For most patients, a diagnosis of metastatic cancer is very stressful and, at times, difficult to bear. Patients and their families are encouraged to talk about the way they are feeling with doctors, nurses, social workers, or other members of the health care team. It may also be helpful to talk with other patients, including through a support group.
Unresectable stage III and stage IV: Immunotherapy
As explained above, immunotherapy helps boost the body’s natural defenses to fight the cancer. In recent years, there have been major advances in treating stage IV melanoma with immunotherapy. Current options include:
Anti-CTLA4 antibody. As described above, ipilimumab is approved by the FDA for the treatment of stage IV melanoma, as well as stage III melanoma that cannot be surgically removed, called unresectable melanoma, and as adjuvant therapy for stage III melanoma.

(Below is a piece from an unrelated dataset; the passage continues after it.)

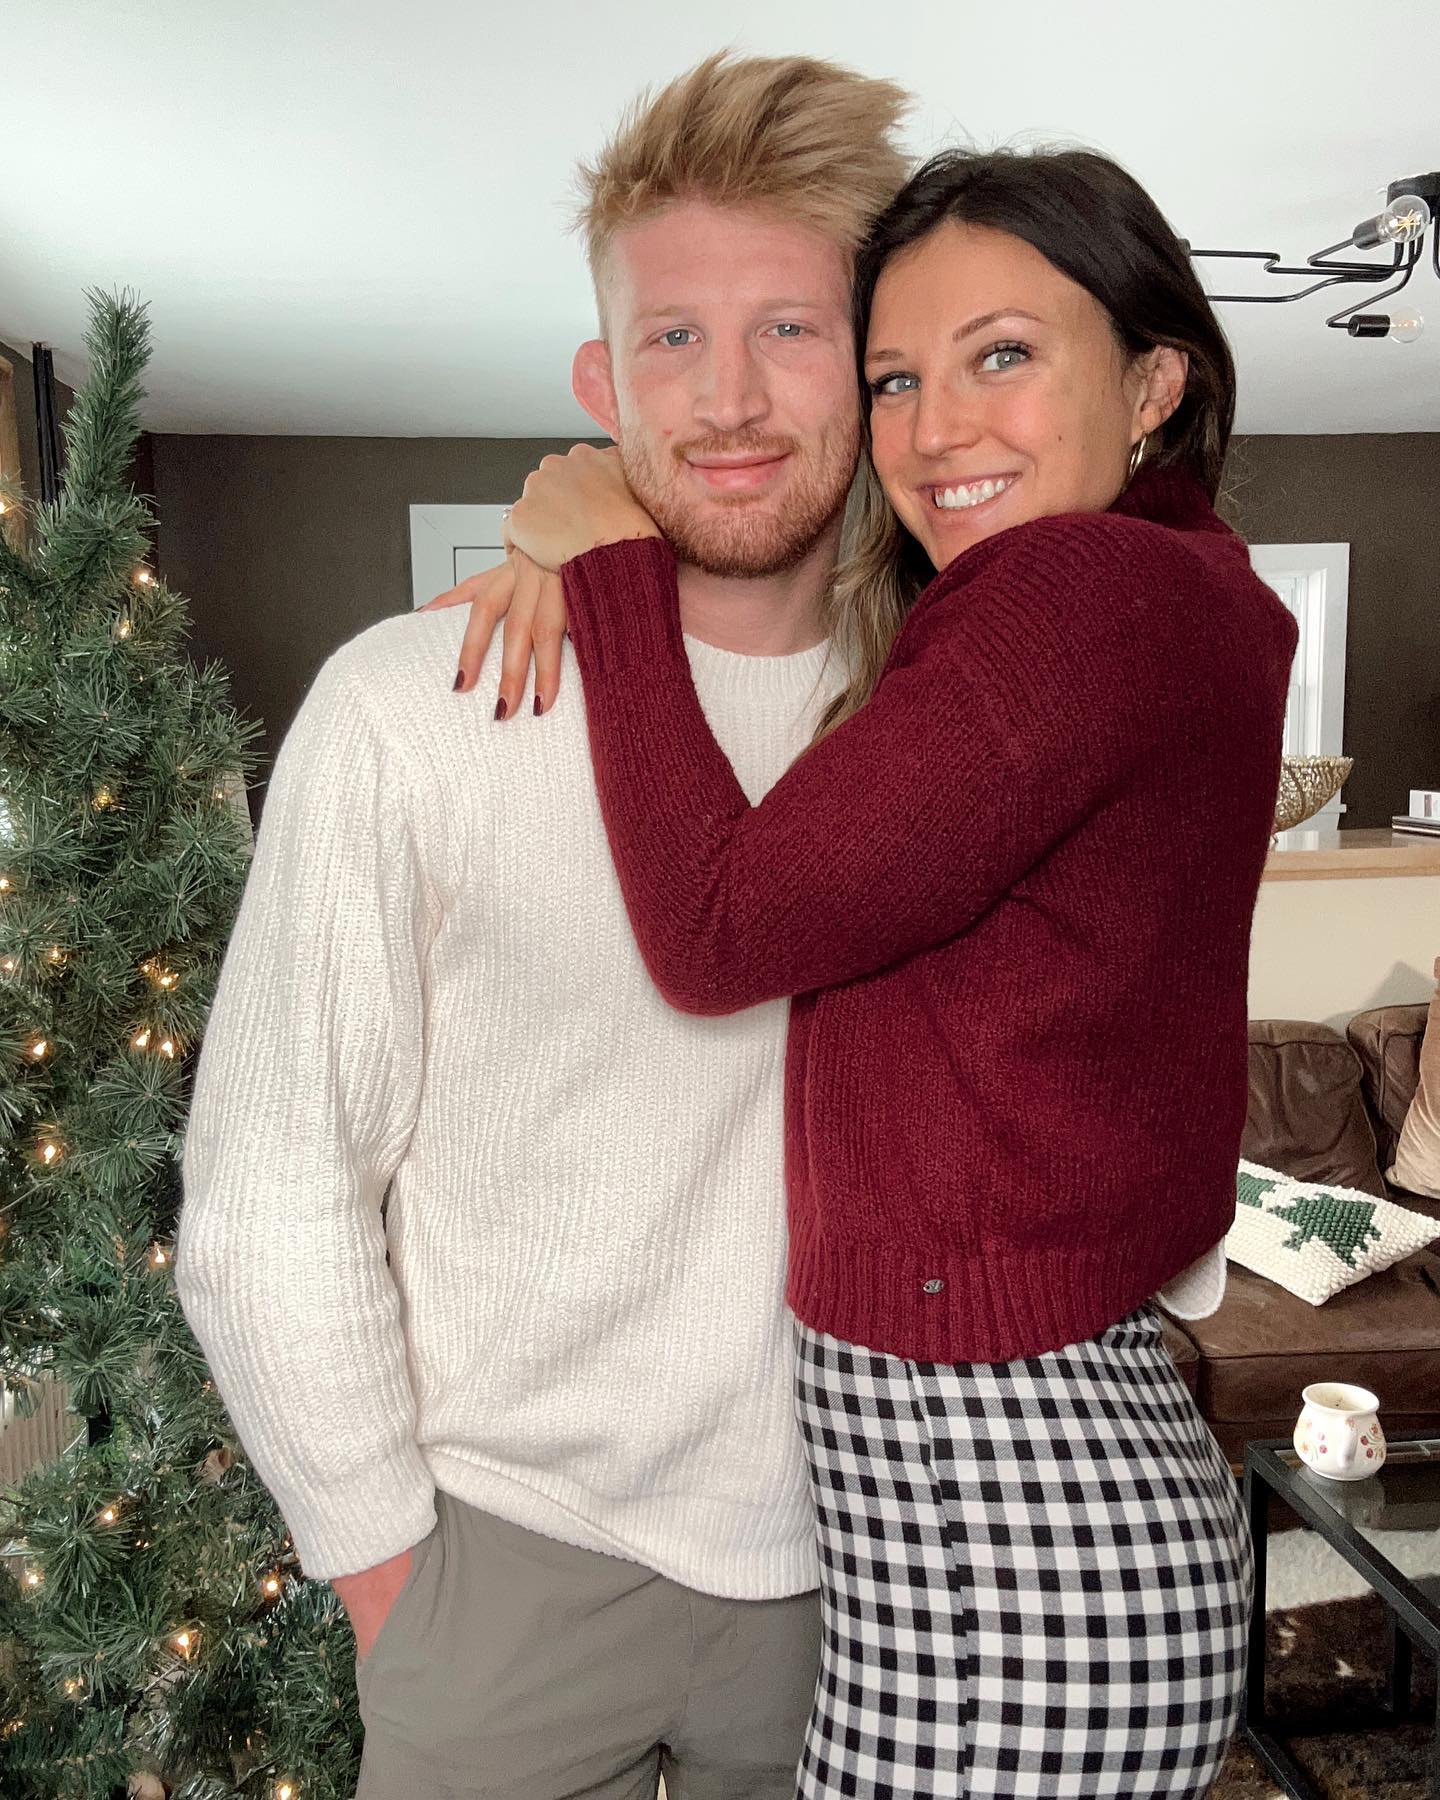 Middleweight prospect Bo Nickal met his wife Maddie at university

There have been 2 clinical trials that showed that people taking ipilimumab had a better chance of survival than people who only received traditional chemotherapy (see below). Ipilimumab has been shown to shrink melanoma for 10% to 15% of patients. Some people with melanoma may benefit from ipilimumab treatment for years. Complete disappearance of melanoma has been seen in some patients, and it seems to be permanent in many such patients.
Ipilimumab and other anti-CTLA4 antibodies continue to be studied in clinical trials. See the Latest Research section for more information.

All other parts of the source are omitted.